Larry Ellison ist scheinbar nicht zu stoppen: Aus einer Presseerklärung wurde nun bekannt, das der Datenbank-Gigant aus Amerika, Oracle, nun auch den finnischen Datenbankspezialisten und MySQL-Vertragspartner Innobase aufgekauft hat. Zu welchen Konditionen die Firma einverleibt wurde, ist allerdings nicht bekannt.

Oracle Firmengründer Larry Ellison will scheinbar mit aller Macht sein Imperium zur Nummer eins im Datenbank-Geschäft zusammenkaufen und alles begann eigentlich mit der "feindlichen Übernahme" des direkten Konkurrenten PeopleSoft Ende 2004. Obwohl sich die PeopleSoft-Aktionäre lange gegen eine Übernahme gewehrt hatten, schraubte Ellison seine Übernahme-Angebote so lange nach oben, bis dem Verwaltungsrat von PeopleSoft die "Argumente" ausgingen und Oracle sich damit zur NR. 2 nach SAP hoch kaufte.

Larry Ellison hat dabei immer seinen Erzrivalen SAP im Visier. Oracle hatte SAP gerade im Bieterstreit um PeopleSoft ausgeboten, als im März 2005 die nächste SAP-Attacke folgte: Hier hatte Oracle Kenntnis vom geplanten SAP-Kauf der Firma Retek erfahren, schon rasselte es wieder eine Kampfansage in Form eines höheren Gegenangebotes: Ursprünglich hatte SAP 8,50 Dollar für jedes Retek-Papier geboten. Wenige Tage nach der vom Management von Retek unterstützten SAP-Offerte, hatte Oracle mit einem Gegenangebot von neun Dollar je Aktie den Bieterwettstreit entfacht. Kaum hatte SAP sein auf elf Dollar je Retek-Aktie aufgestocktes Angebot bekannt gegeben, legte Oracle nach. Das Höchst- und endgültige Angebot lautet dann 11,25 Dollar und "Sieger" war wieder einmal Oracle.

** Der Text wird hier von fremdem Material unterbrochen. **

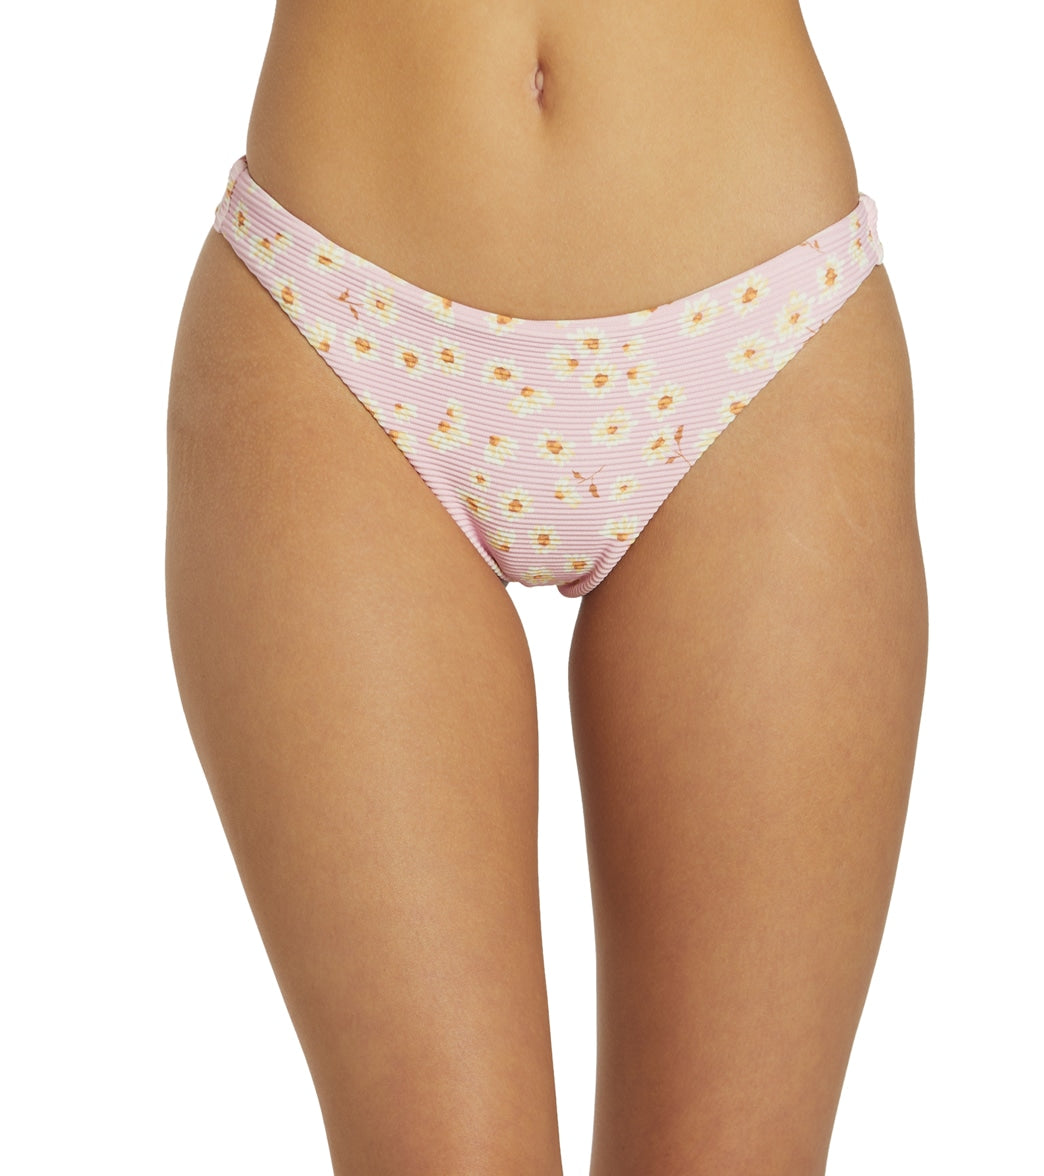 Daisy Craze Pink Floral Print Low-Rise Bikini Bottom

Danach folgten mehrere freundliche Übernahmen kleinerer Programmschmieden mit speziellem Know-how: Oblix , ebenfalls im März dieses Jahres, TimesTen im Juni, i-flex im August und G-Log im September, dazwischen als größerer Brocken auch der CRM-Pionier Siebel. Als zunächst letzten Coup folgte nun Innobase. Innobase ist eng mit dem Hersteller der Open-Source-Datenbank MySQL verwoben. Erst durch eine Übereinkunft mit Innobase konnte MySQL die Storage Engine InnoDB in sein Datenbanksystem einbauen und dadurch mit sicheren Transaktionen die Grundlage für seine derzeitige Marktposition schaffen. Zwar ist InnoDB unter der GNU Public License veröffentlicht und steht seiner Anhängerschaft uneingeschränkt für weitere Entwicklungen offen, doch für den Vertrag zwischen Innobase und MySQL sind im kommenden Jahr Verlängerungsverhandlungen fällig und hier sehen Analysten den strategischen Grund für die Übernahme Innobase durch Oracle.